Fossils of a 508 million year-old lobster ancestor that snagged its victims with claws that had teeth is a relative of today's butterflies and spiders, said researchers that identified this queer creature.

Researchers from the University of Toronto that found the fossils said this lobster was at the top of the food chain in its time, playing an important role in the ancient ecosystem. The creature lived 250 million years before the first dinosaurs roamed the Earth. 

This unusual animal was named "Yawunik kootenayi" after a huge mythical killer marine beast in the lore of the indigenous tribe living in the area in Canada where the fossils were found. Researchers found the fossils at the Marble Canyon site, which is part of the Canadian Burgess Shale fossil deposit. 

The fossils of Yawunik reveal a marine creature some 10 centimeters long with two pairs of eyes and huge grasping appendages. Scientists said Yawunik had evolved long frontal appendages consisting of three long claws.

Two of these claws bore opposing rows of teeth that helped the animal catch its prey. The claws also had long, whip-like appendages used to sense its surroundings, said CBC News.
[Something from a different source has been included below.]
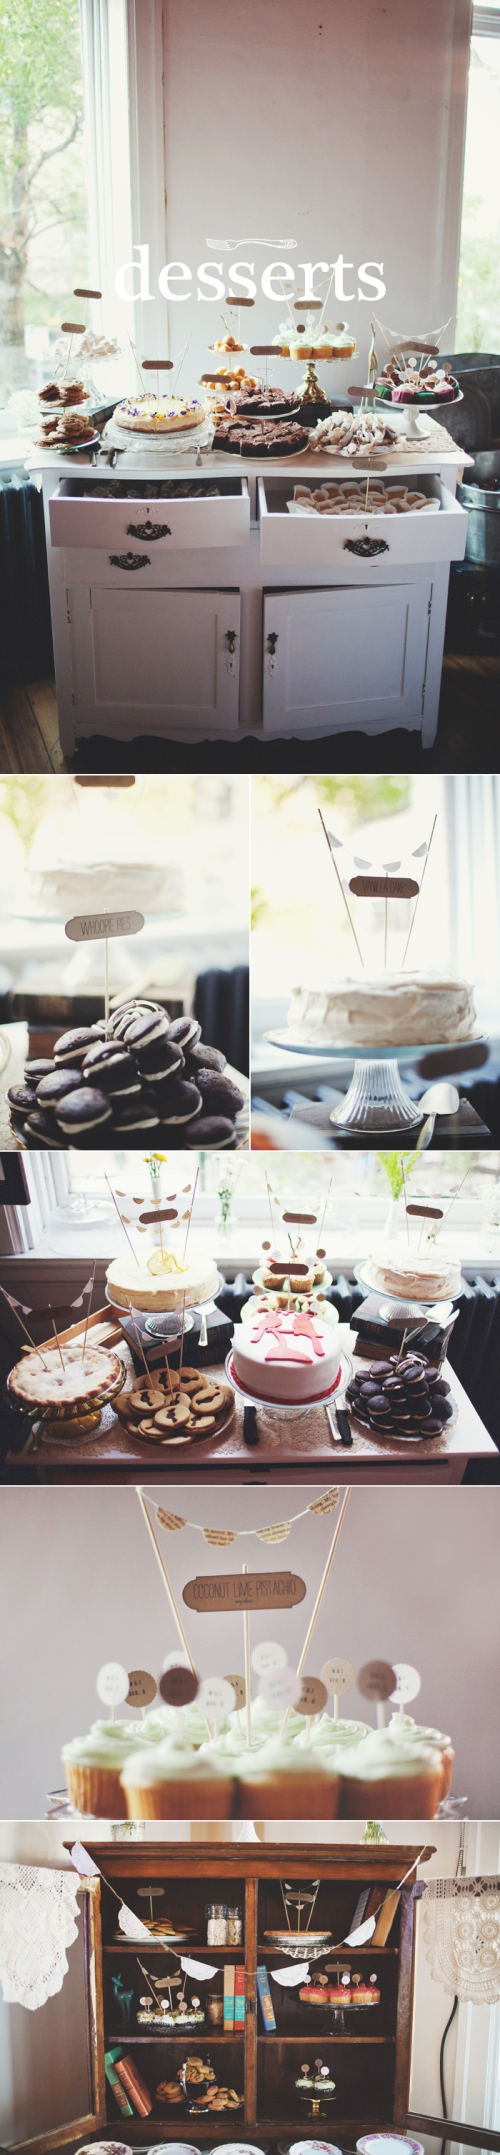 mysuitcaseheart_cupcakes

Yawunik was an arthropod, which links it to modern day creatures like spiders, lobsters and butterflies.

"It has the signature features of an arthropod with its external skeleton, segmented body and jointed appendages, but lacks certain advanced traits present in groups that survived until the present day. We say that it belongs to the 'stem' of arthropods", said Cedric Aria, a PhD candidate in University of Toronto's Department of Ecology & Evolutionary Biology and lead author of the study just published in Palaeontology.

"This creature is expanding our perspective on the anatomy and predatory habits of the first arthropods, the group to which spiders and lobsters belong".

The study shows evidence Yawunik was capable of moving its frontal appendages backward and forward, spreading them out during an attack and then retracting them under its body when swimming.